> [Task to carry out]:
Word for word, repeat the data; no picture should appear in the result.

> [Available data]:
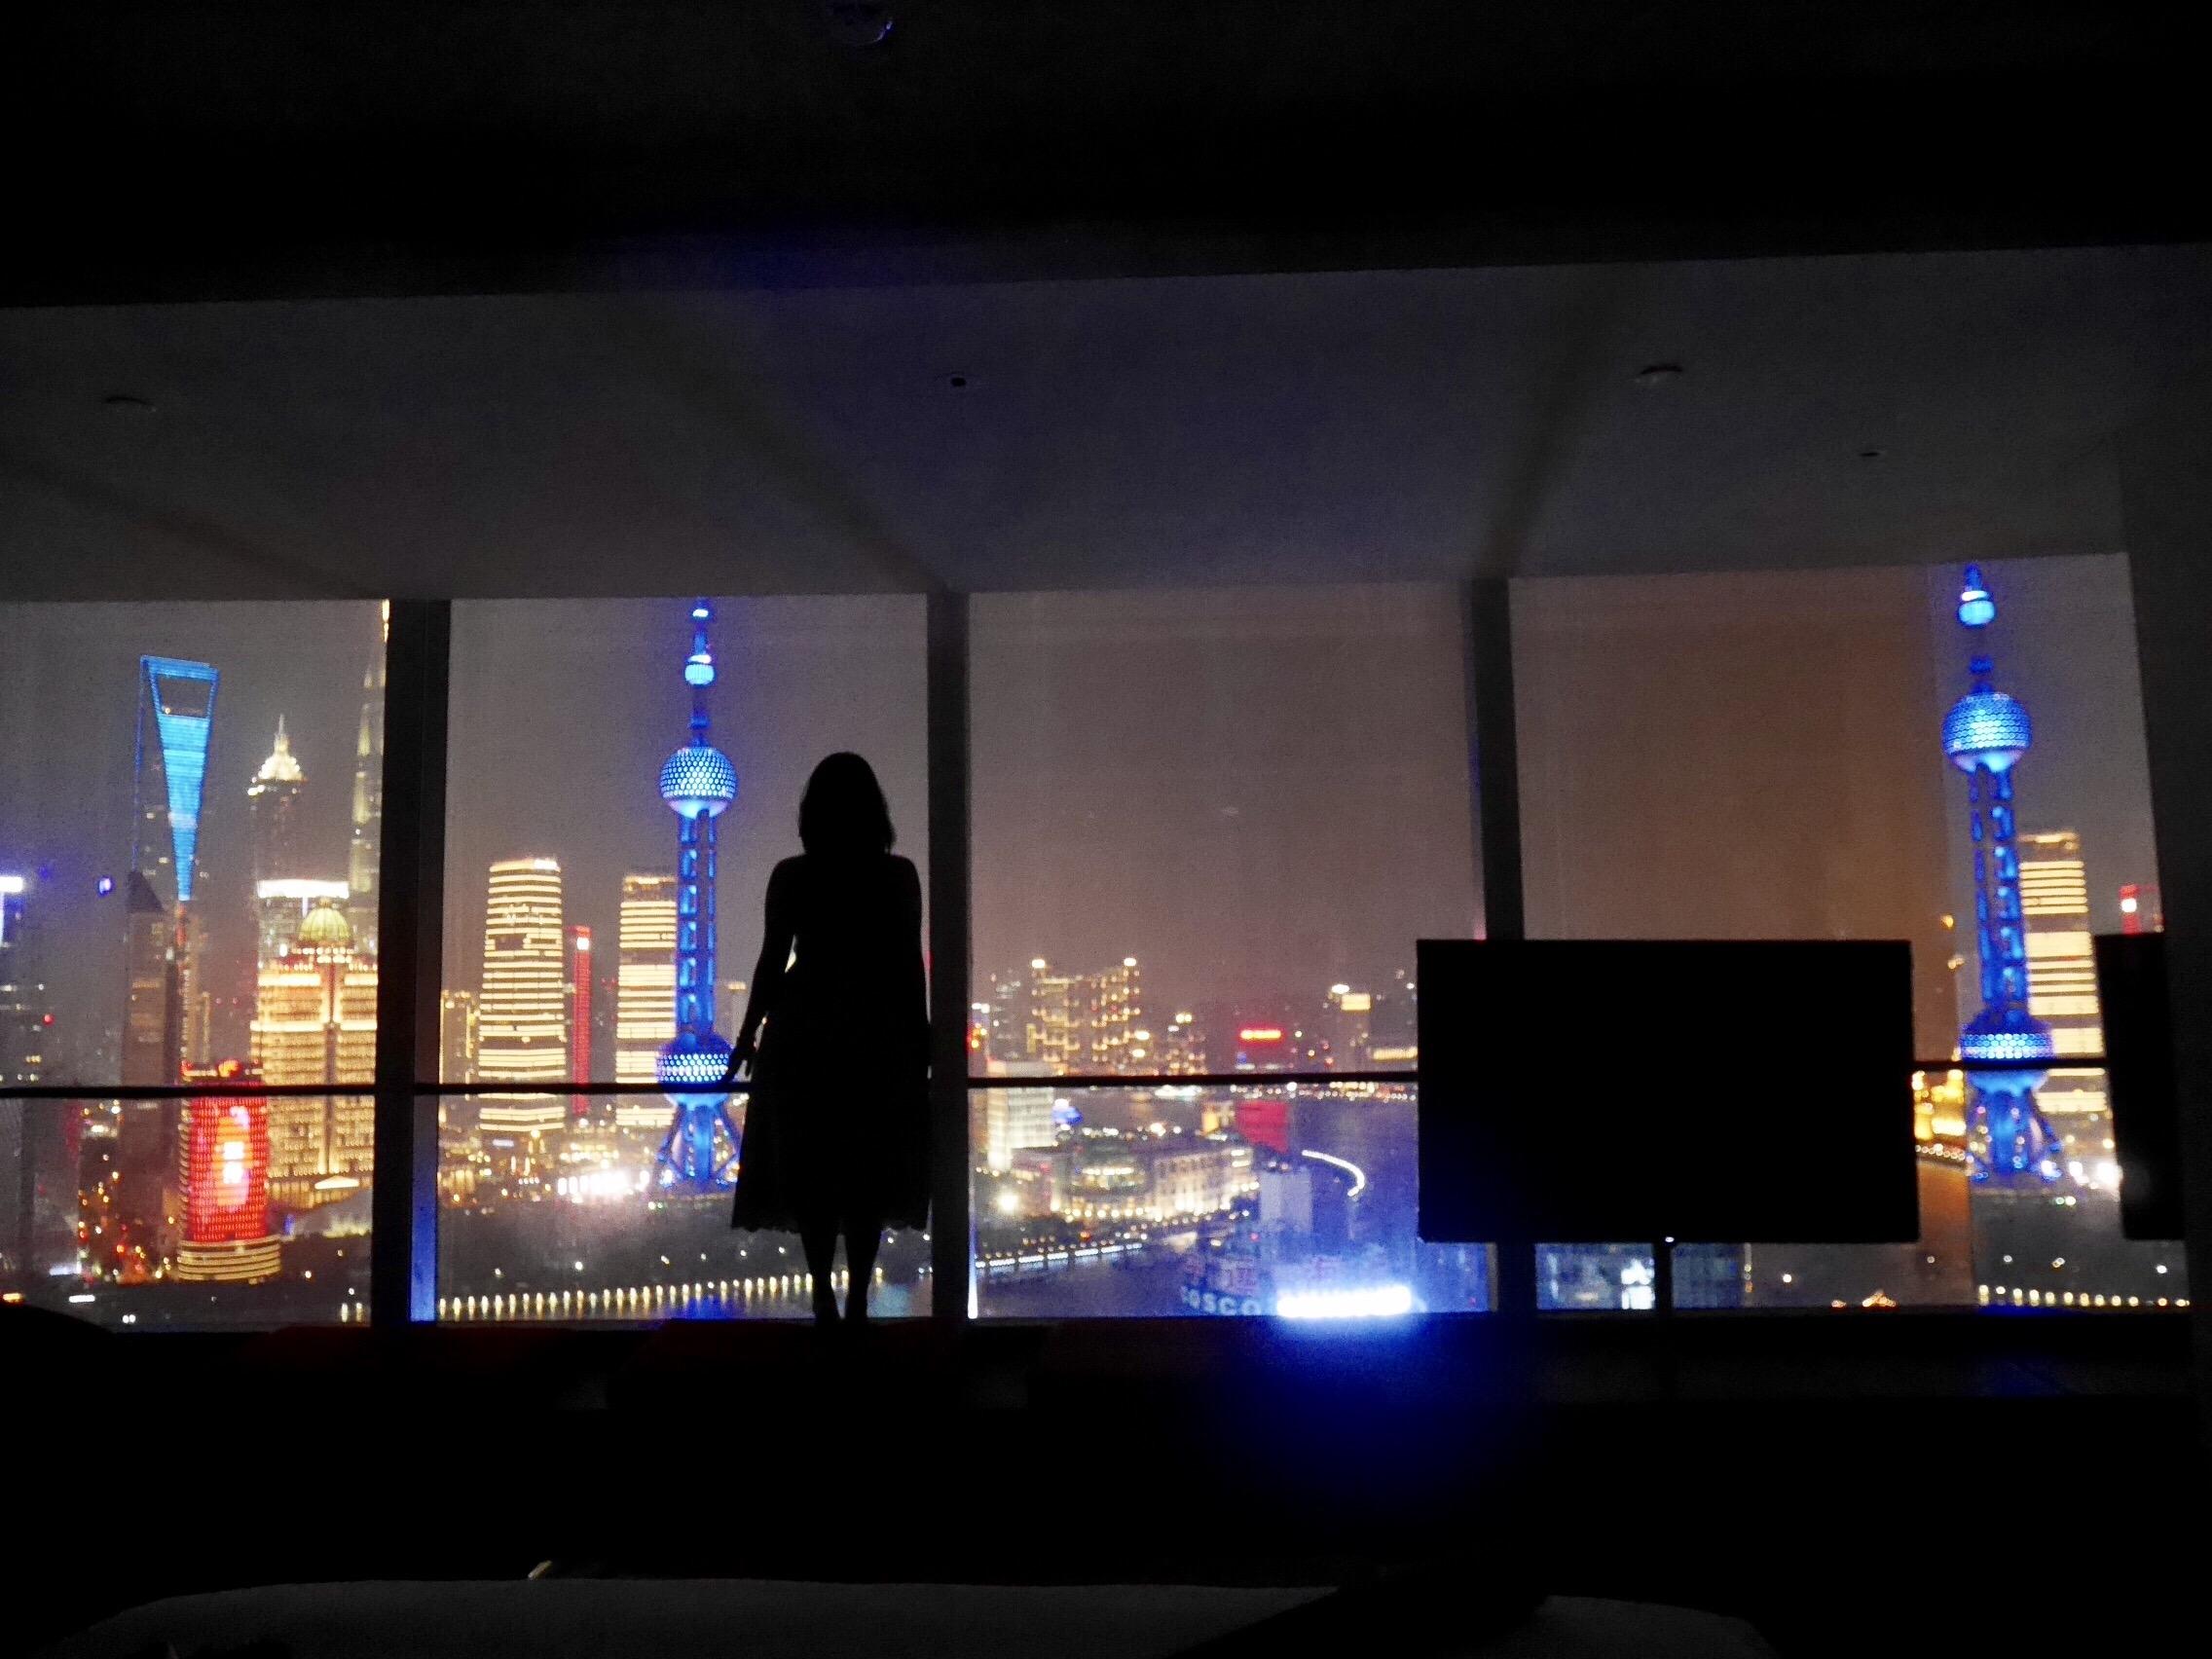 img 6857 - W HOTEL - 上海No.1の景色を楽しむホテル
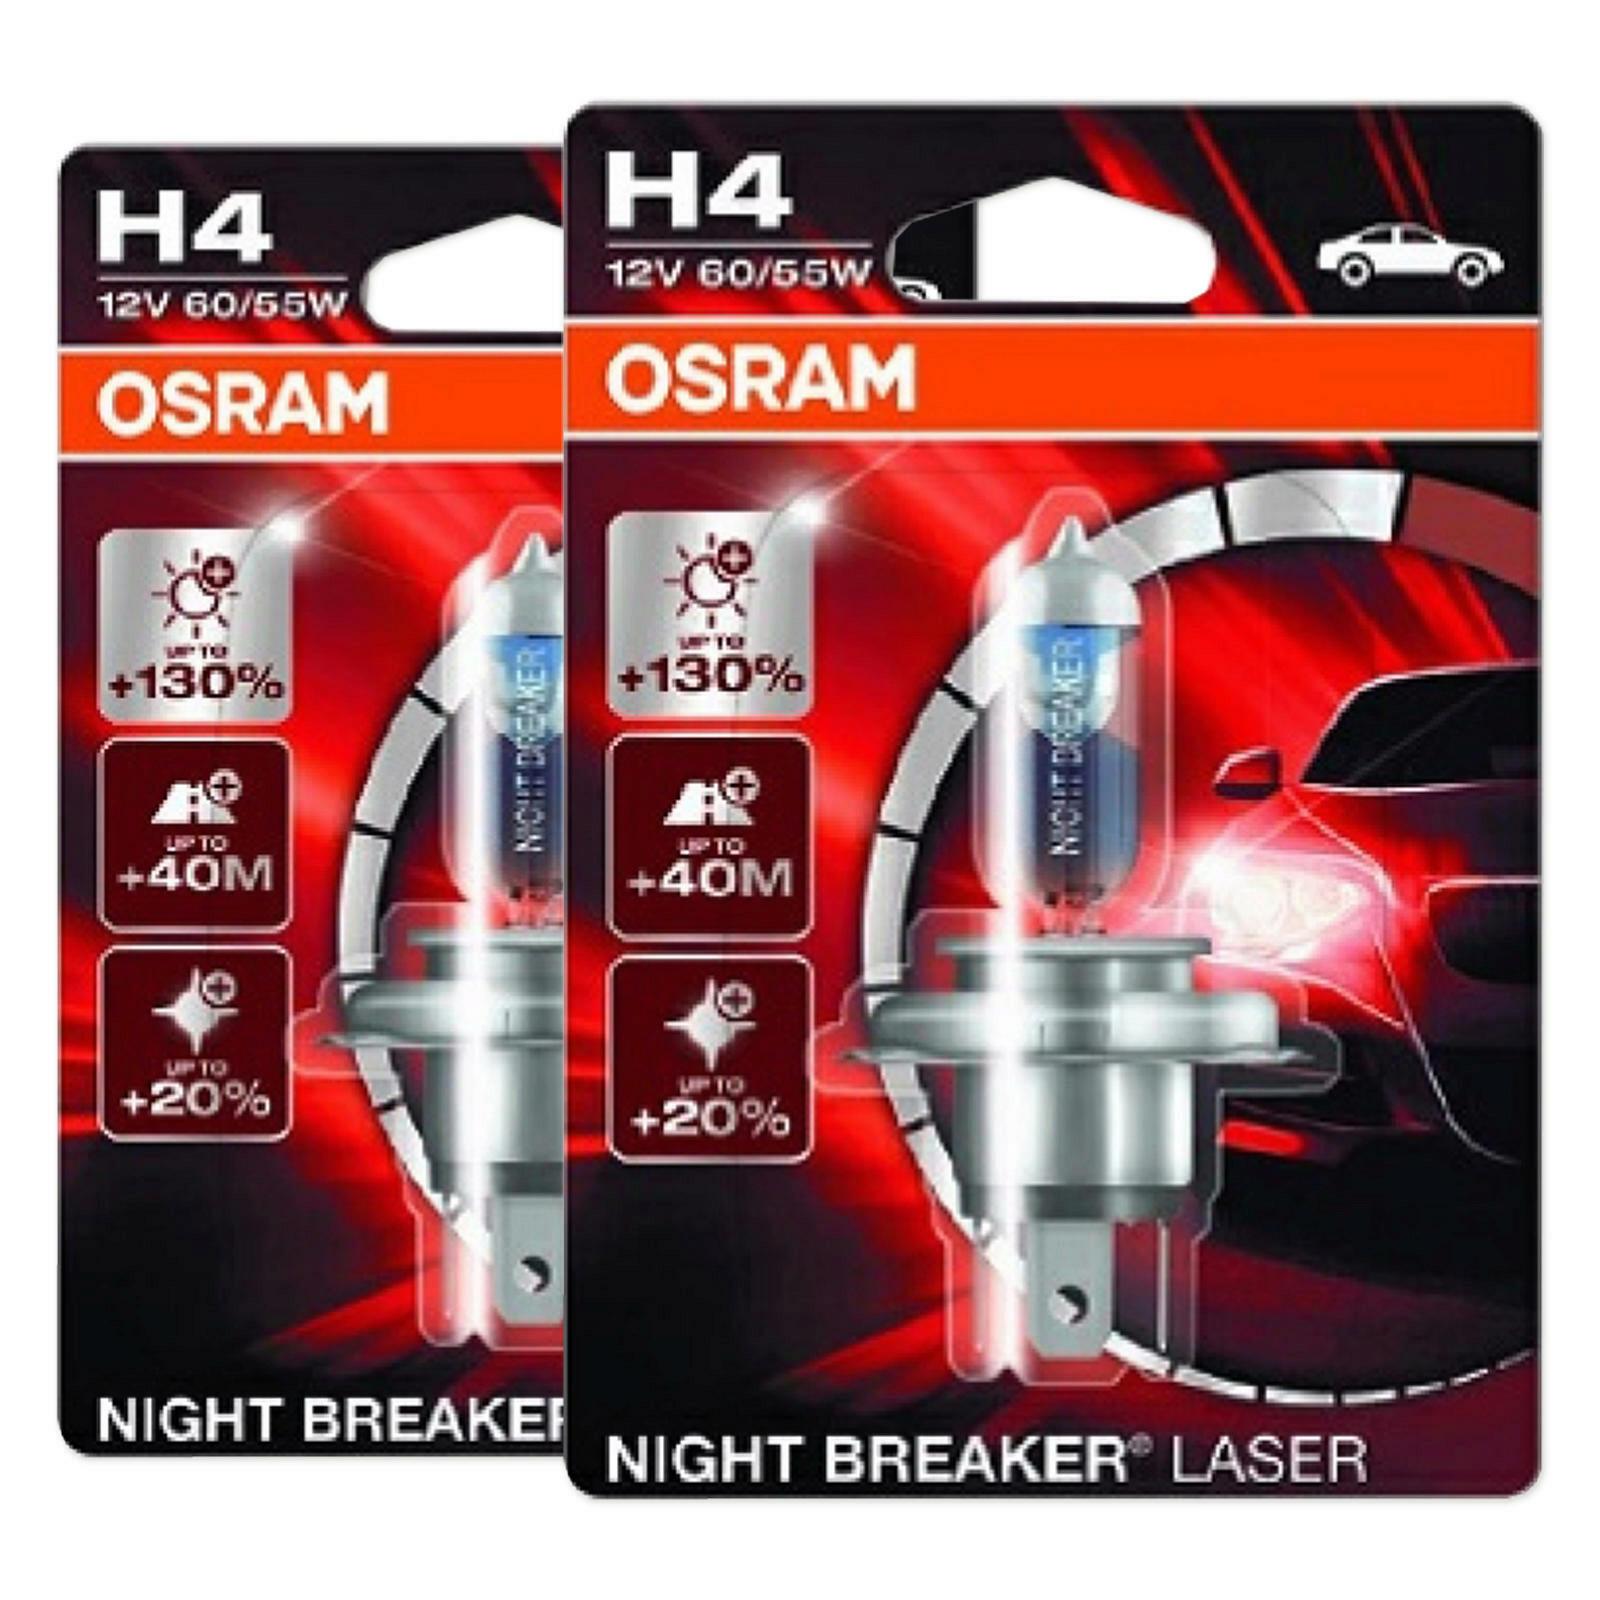 2x OSRAM NIGHT BREAKER LASER H4
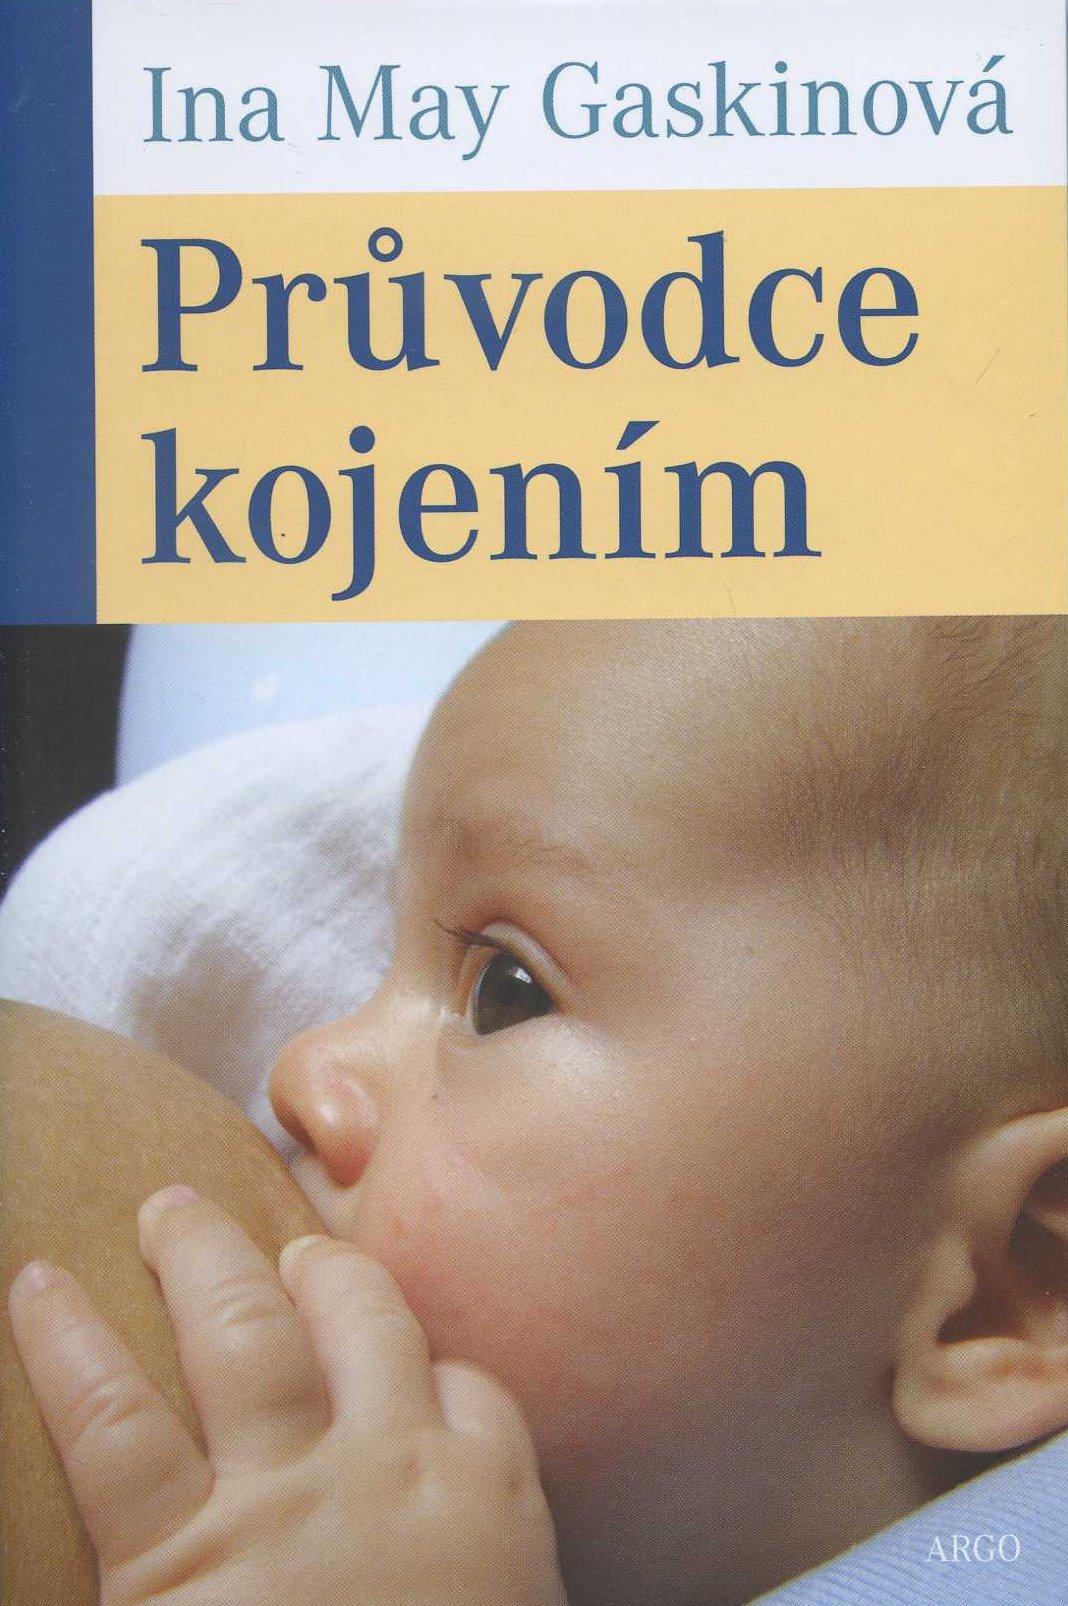 Průvodce kojením
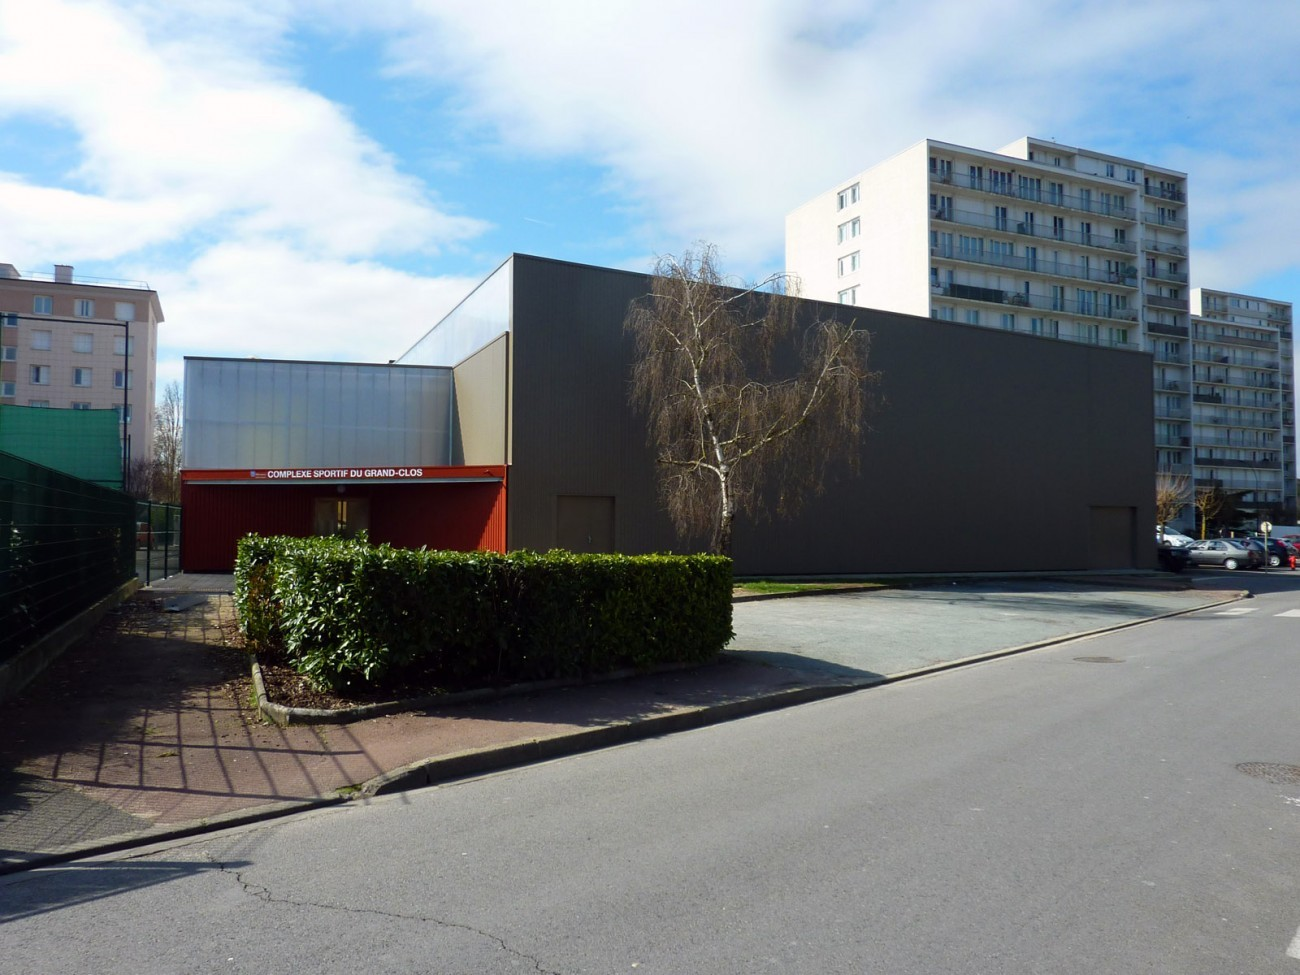 Bourgueil rouleau architectes gymnase du grand clos for Architecte montargis

> [Result for this task]:
 img 6857 - W HOTEL - 上海No.1の景色を楽しむホテル
 2x OSRAM NIGHT BREAKER LASER H4
 Průvodce kojením
 Bourgueil rouleau architectes gymnase du grand clos for Architecte montargis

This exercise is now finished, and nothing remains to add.